简单命令行 JSON 等效于 Zeppelin 笔记本的 nbstripout 的工具

Question

一些背景

如果预计输出变化很大，版本控制笔记本可能会变得非常低效。我使用 nbstripout 在我的 Jupyter 笔记本上解决了这个问题，但到目前为止我还没有找到 Zeppelin 笔记本的替代品。

因为nbstripout使用nbformat解析ipynb个文件，要让它支持Zeppelin并不是一个容易的补丁。另一方面，目标并不复杂：只需清空所有 "msg": "...".

目标

给定一个 JSON 文件，清空所有 'paragraphs.result.msg' 个字段。

示例（模式）：

{"paragraps": [{"result": {"msg": "Very long output..."}}]}

Answer 1

Git 过滤器

最好的解决方案（感谢@steven-penny）是运行这个：

git config filter.znbstripout.clean "jq '.paragraphs[].result.msg = \"\"'"
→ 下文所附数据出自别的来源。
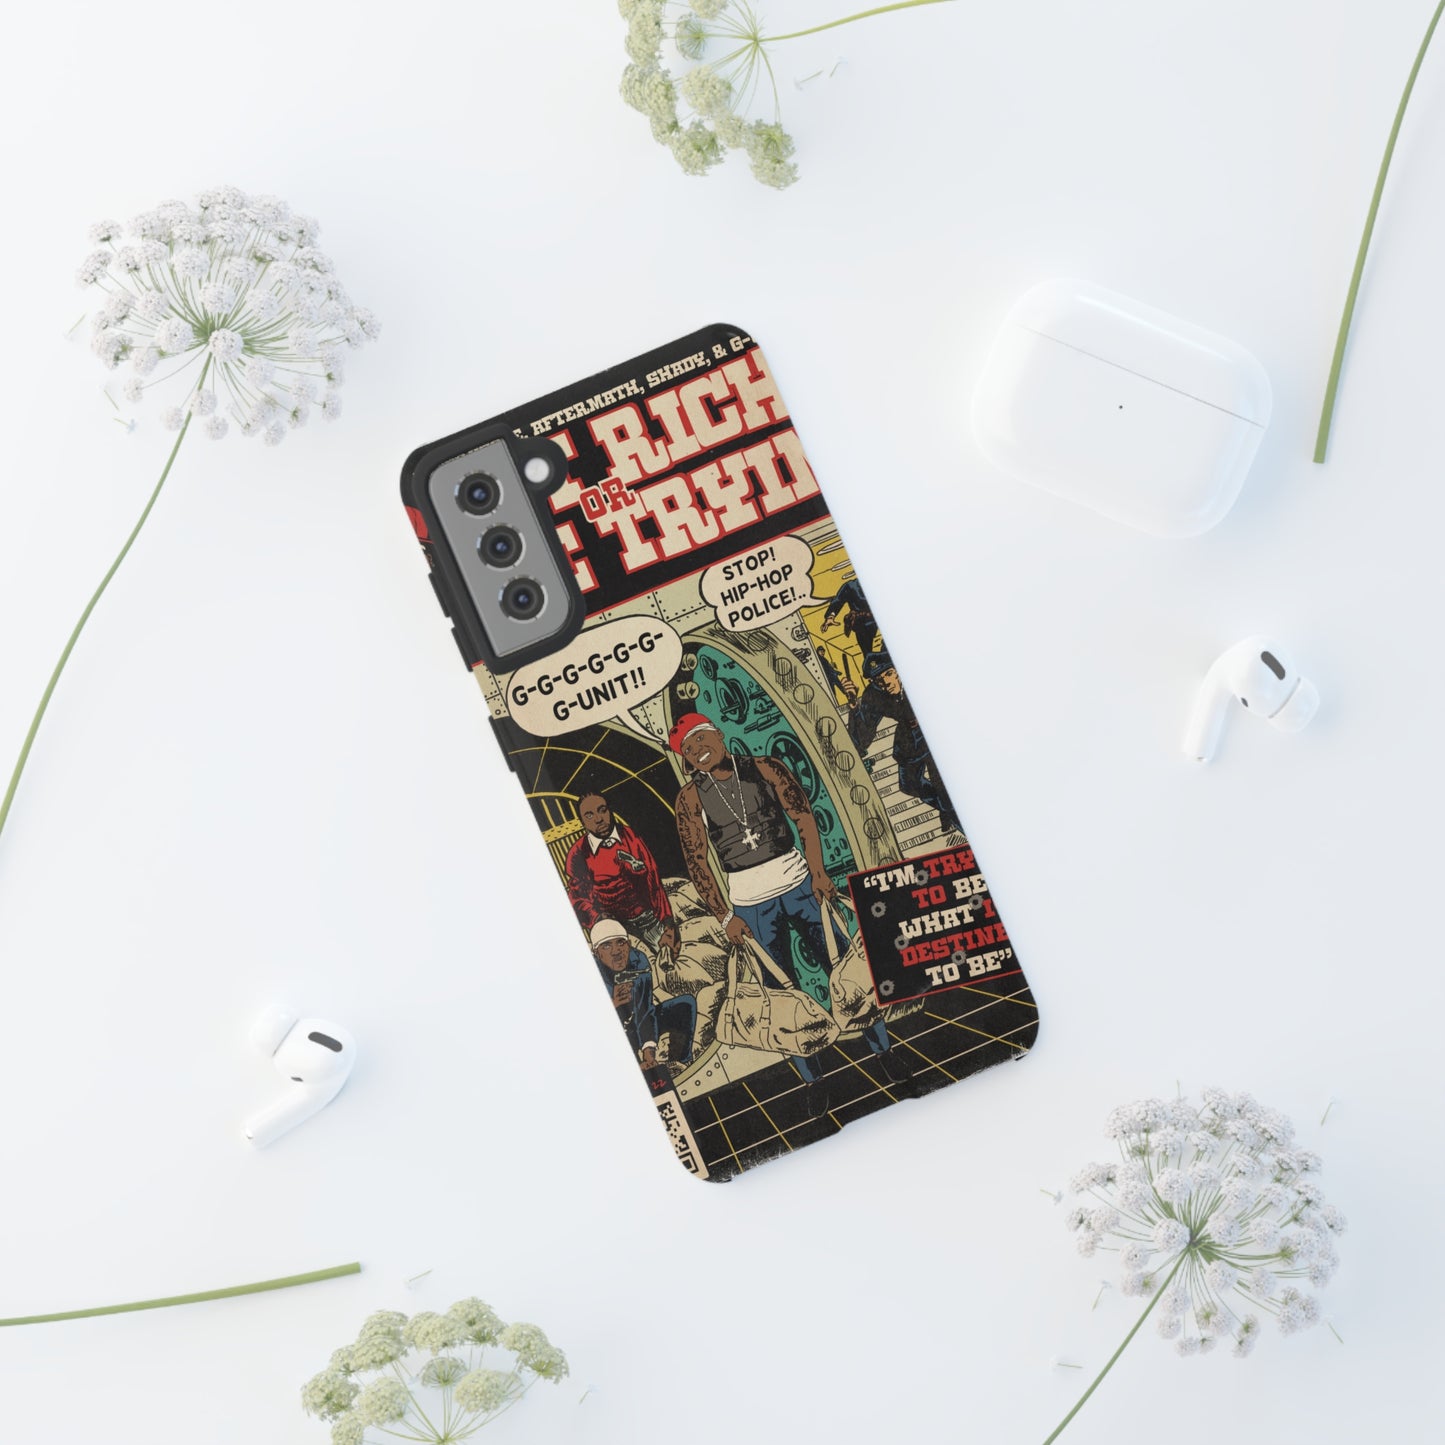 50 Cent - Get Rich Or Die Tryin - Comic Art Tough Phone Cases
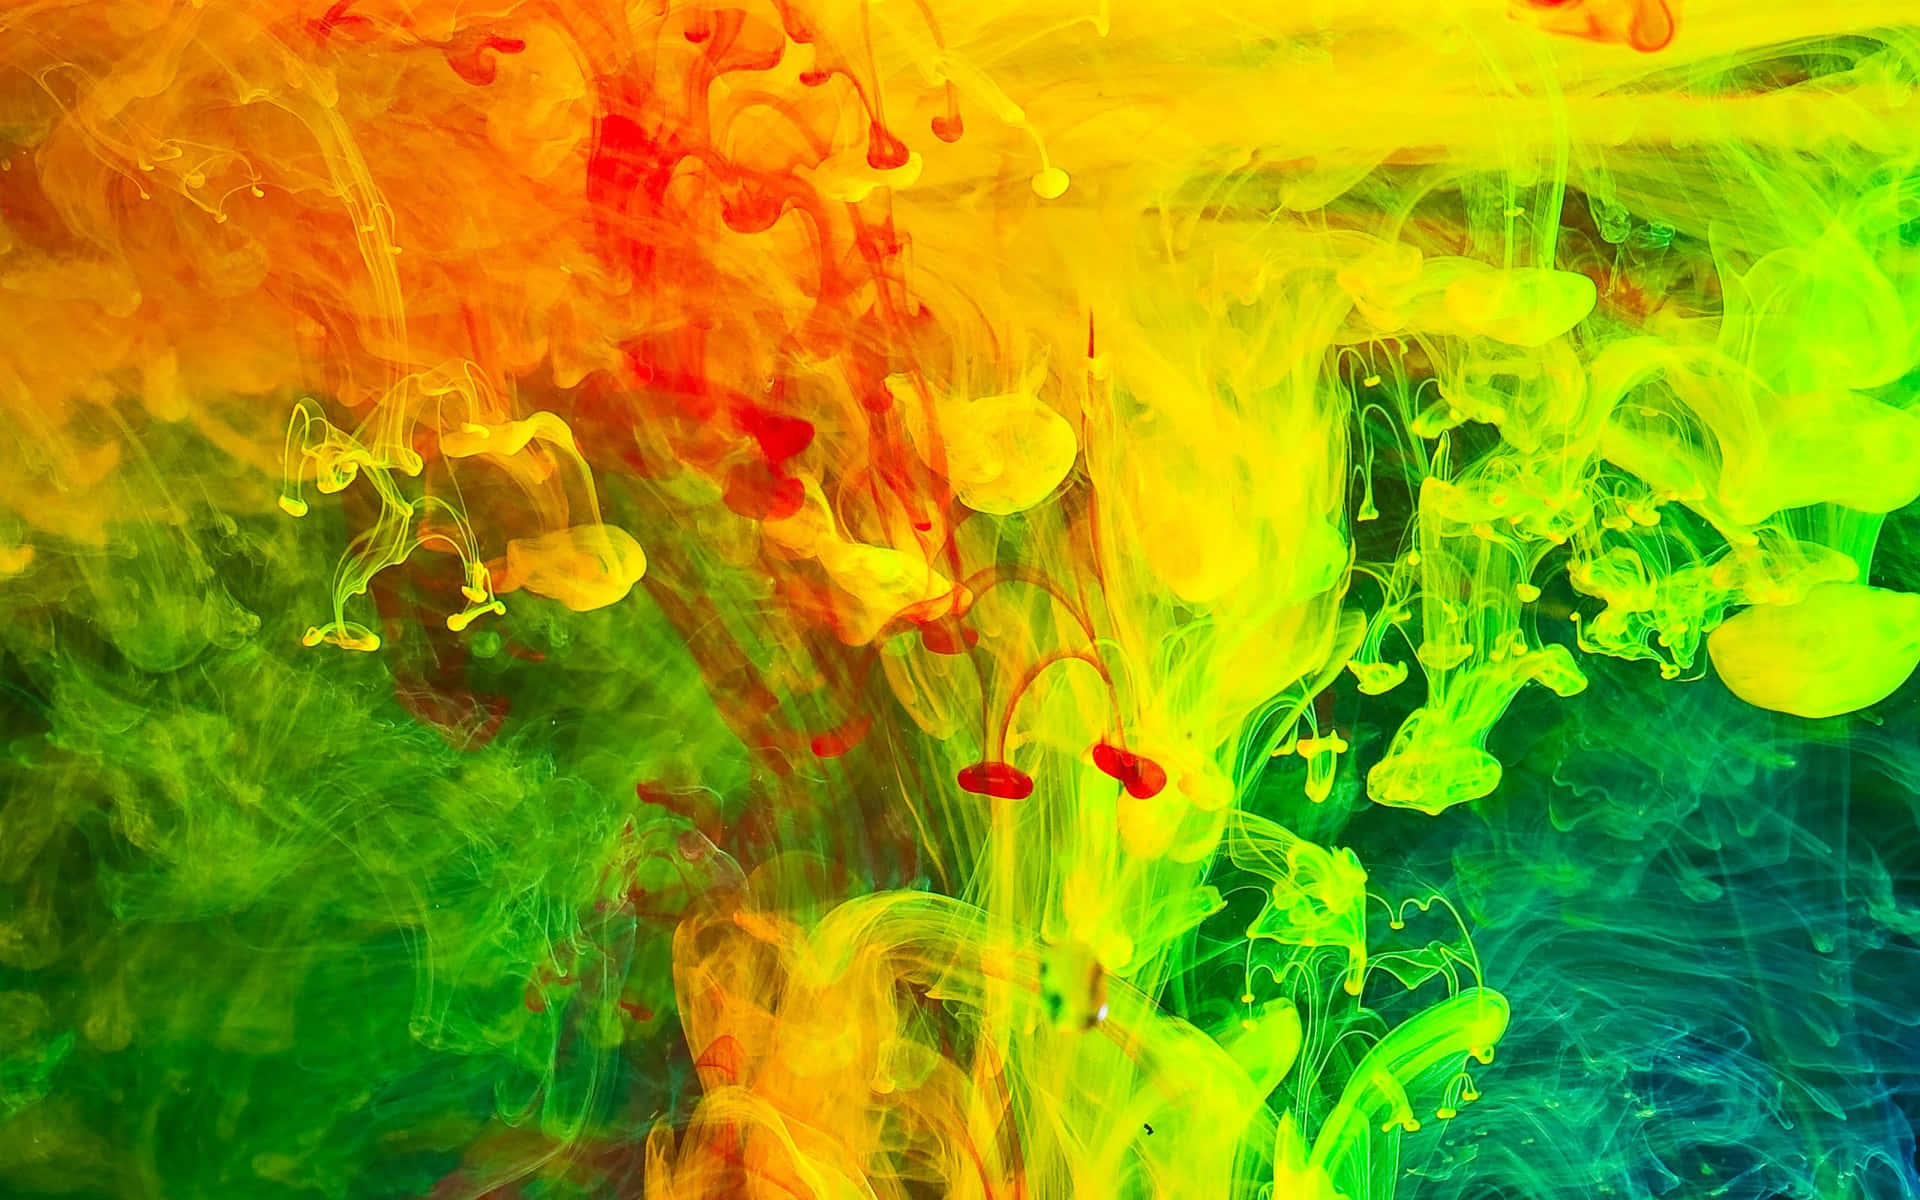 Colorful Explosion of Joy

这将设置一个名为 znbstripout 的过滤器，它会调用 jq 工具。然后，在您的 .gitattributes 文件中，您可以输入：

*.json filter=znbstripout

Python 脚本（可与 Git 挂钩一起使用）

以下可用作 git 挂钩：

#!/usr/bin/env python3

from glob import glob
import json

files = glob('**/note.json', recursive=True)
for file in files:
    with open(file, 'r') as fp:
        nb = json.load(fp)
    for p in nb['paragraphs']:
        if 'result' in p:
            p['result']['msg'] = ""
    with open(file, 'w') as fp:
        json.dump(nb, fp, sort_keys=True, indent=2)

Answer 2

JQ可以做到：

jq .paragraphs[].result.msg file

http://stedolan.github.io/jq

Answer 3

在下面的 (1) 和 (2) 中，我假设传入的 JSON 看起来像这样：

{
  "paragraphs": [
    {
      "result": {
        "msg": "msg1"
      }
    },
    {
      "result": {
        "msg": "msg2"
      }
    }
  ]
}

1。将 .result.msg 值设置为“”

.paragraphs[].result.msg = ""

2。要完全删除 .result.msg 字段：

del(.paragraphs[].result.msg)

3。要删除所有对象中的 "msg" 字段，无论它们出现在哪里：

walk(if type == "object" then del(.msg) else . end)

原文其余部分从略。